И Мельников заговорил.
— Зыбко, Олег, все очень зыбко, — Величко внимательно выслушал собеседника, не забывая отдавать должное тому самому расхваленному им расстегаю. — Я понимаю, что в свете последних событий, всё это выглядит логичным. Но, что мы имеем? То ли был тот стакан, то ли его не было, дети эти…
— Детям врать незачем.
— Дети — это всегда дети. Может, они там в сыщиков играют, да и вообще, в юности люди склонны преувеличивать, надумывать то, чего и не было. Хочется приключений, романтики, необычных ситуаций и героических поступков. Вот и напридумывали, чтобы значимость свою показать.

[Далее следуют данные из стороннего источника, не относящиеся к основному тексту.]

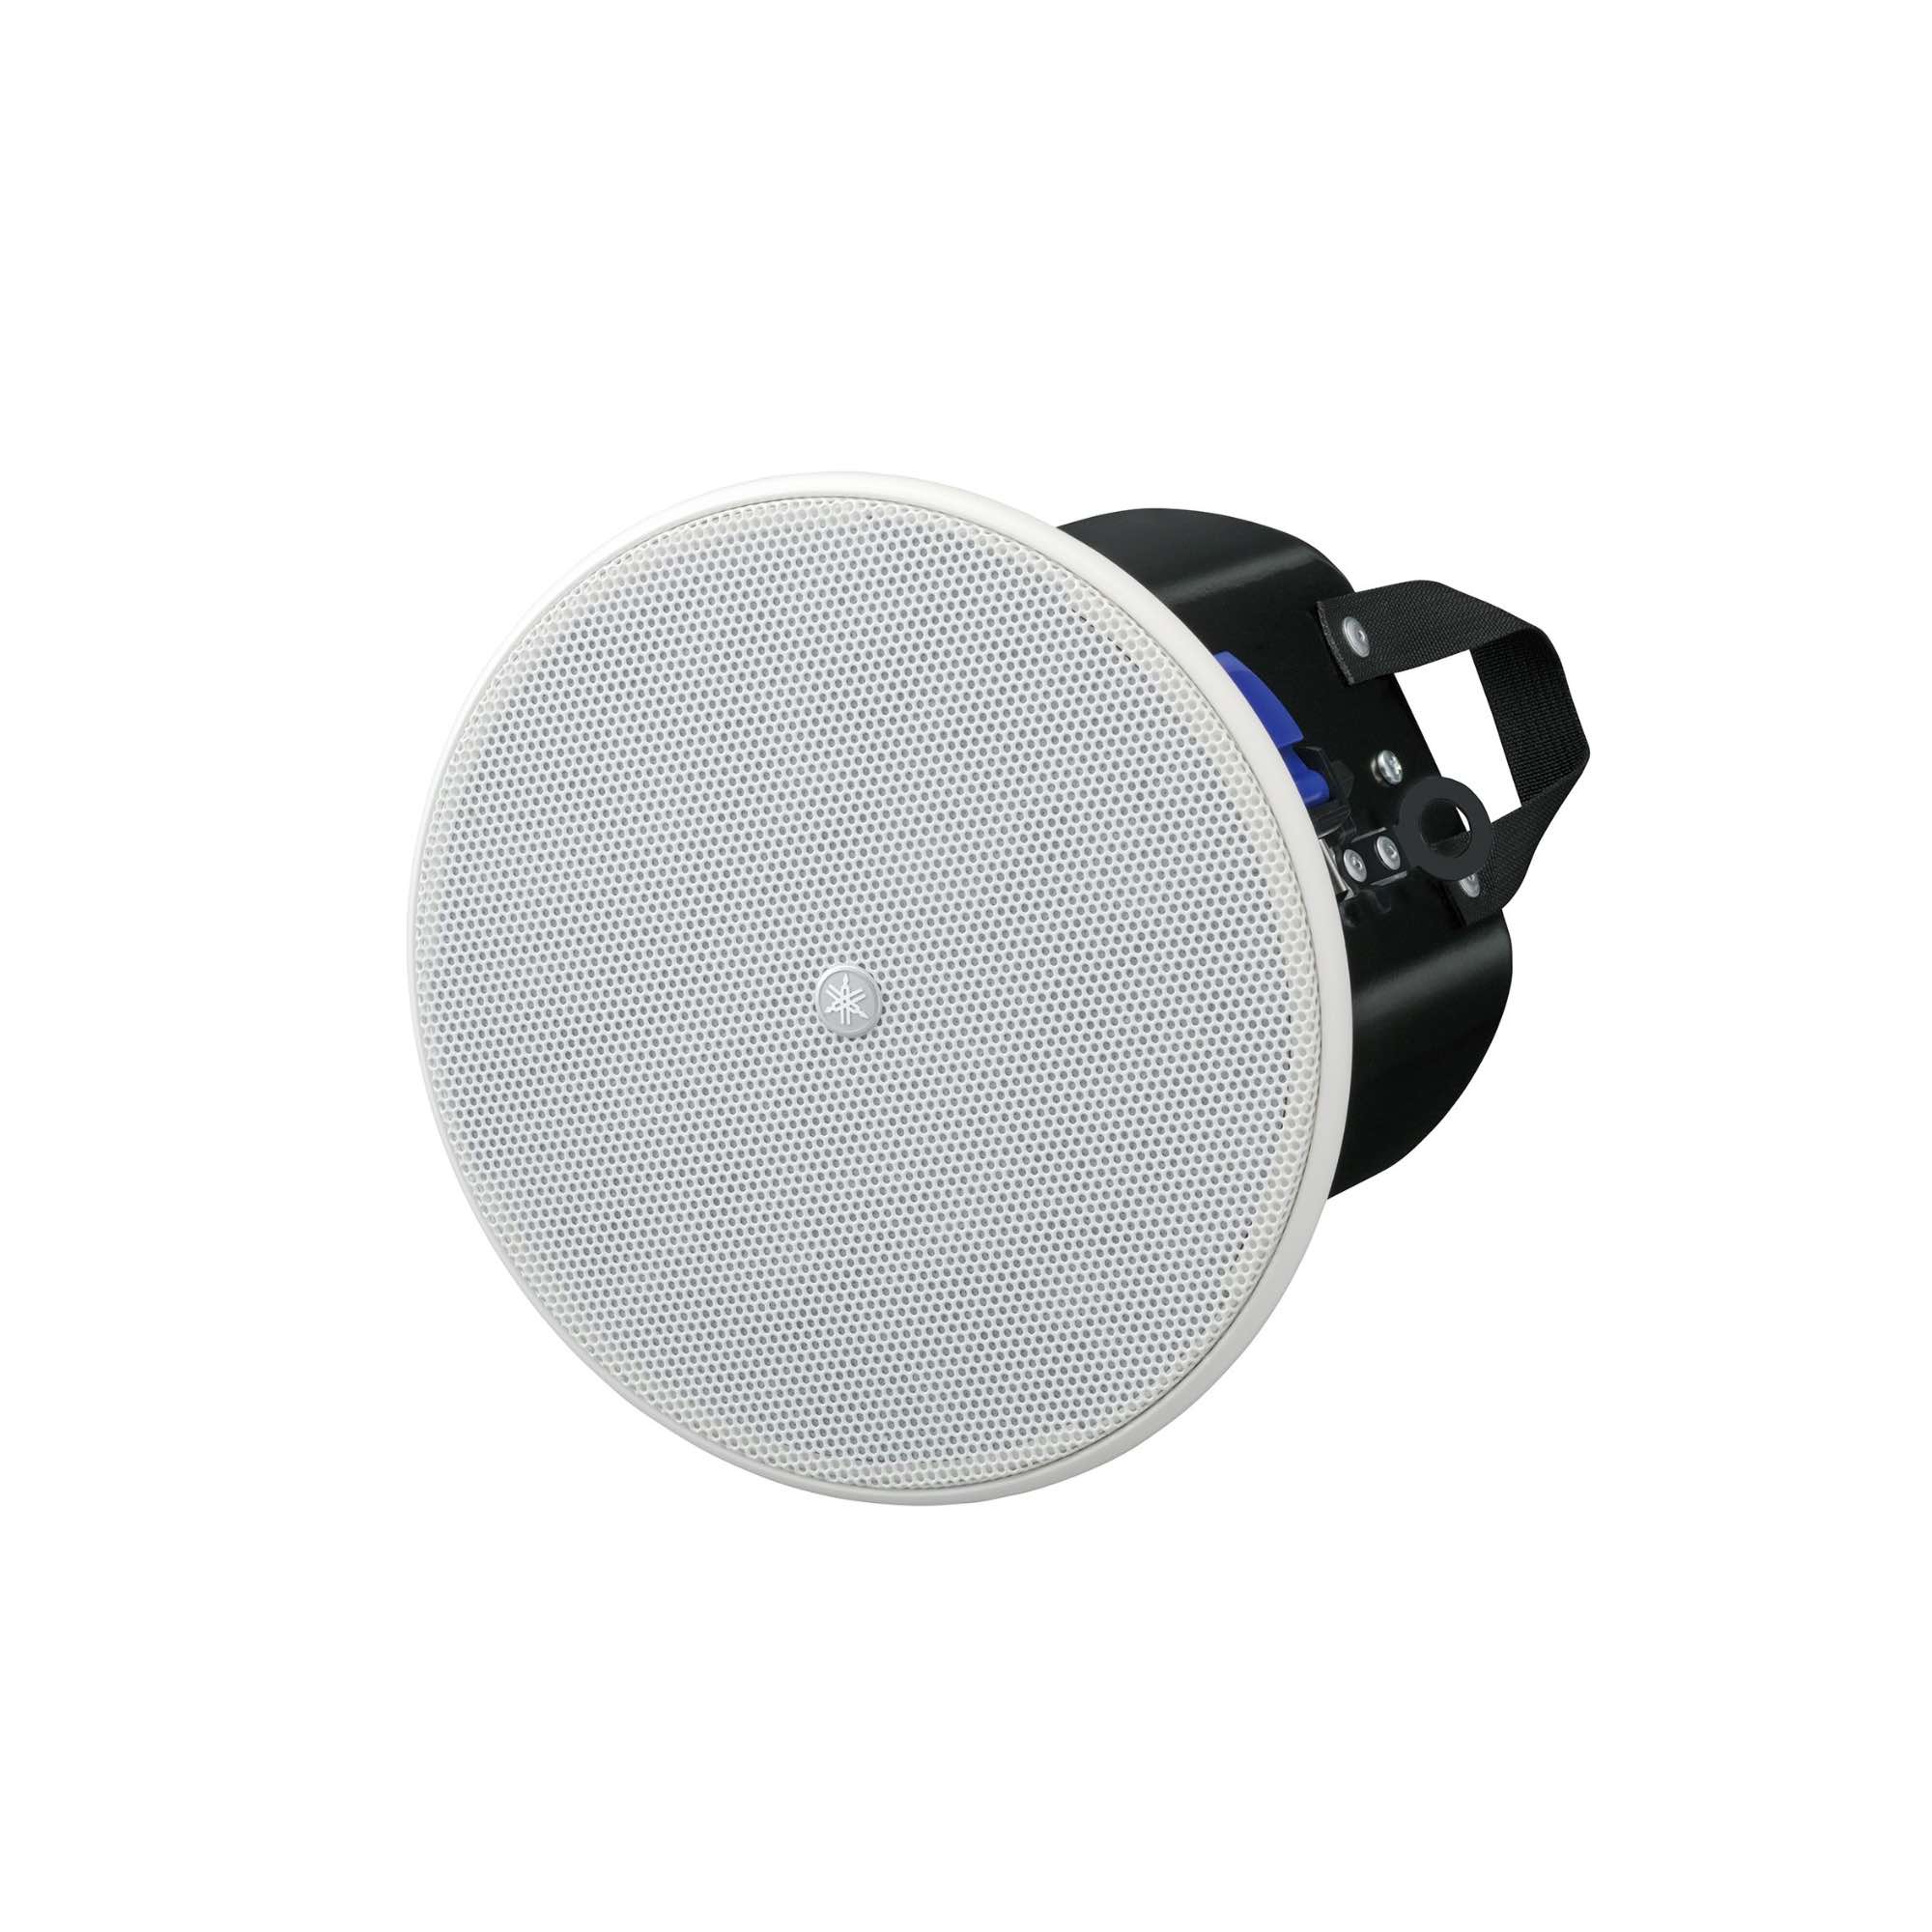 Speakers Products - Wholesale - Blackwire

— Если бы это была одна такая странная смерть, я бы, скорее всего, с вами согласился, Константин Георгиевич. Но ведь был ещё и Кашин. Тоже внезапно, на ровном месте и с очень схожими симптомами. Я уже не говорю про убийство самого Савельева. Кто-то активно расчищает себе место в Совете. По-моему, это ясно, как божий день.
— Ну, допустим, Олег. Допустим, ты прав. Но кого ты подозреваешь? Рябинина?
— Его, конечно, в первую очередь. Он был с генералом, мог подмешать в стакан яд и уничтожить потом улики. К тому же именно он занял его кресло в Совете. То, что смерть генерала не была естественной — за это я, как врач, головой ручаюсь. А, значит, был тот стакан. Как-то же он принял то лекарство? И ещё, мальчишка этот, Поляков, который дружит с дочерью Рябинина. Он слышал, как Рябинин планировал убийство Ледовского. Случайно стал свидетелем разговора самого Рябинина и ещё одного… он в административном секторе работает. Некто Кравец. Может, слышали, Константин Георгиевич? Он в той истории с Литвиновым был замешан по самые уши, но вывернулся.
— Кравец? — медленно переспросил Величко. Фамилия была ему знакома. Когда вскрылись литвиновские махинации, он попросил своего помощника узнать для него максимум информации по этому делу. И теперь с трудом припоминал, что фамилия Кравца там фигурировала. — Кажется, это тот сотрудник Литвинова, который и предотвратил массовое убийство людей, запертых на ложном карантине. Вовремя переметнулся куда надо. Да, точно, Кравец… Я ещё тогда вспомнил чьё-то старое изречение, что вовремя предать — это не предать, а предвидеть.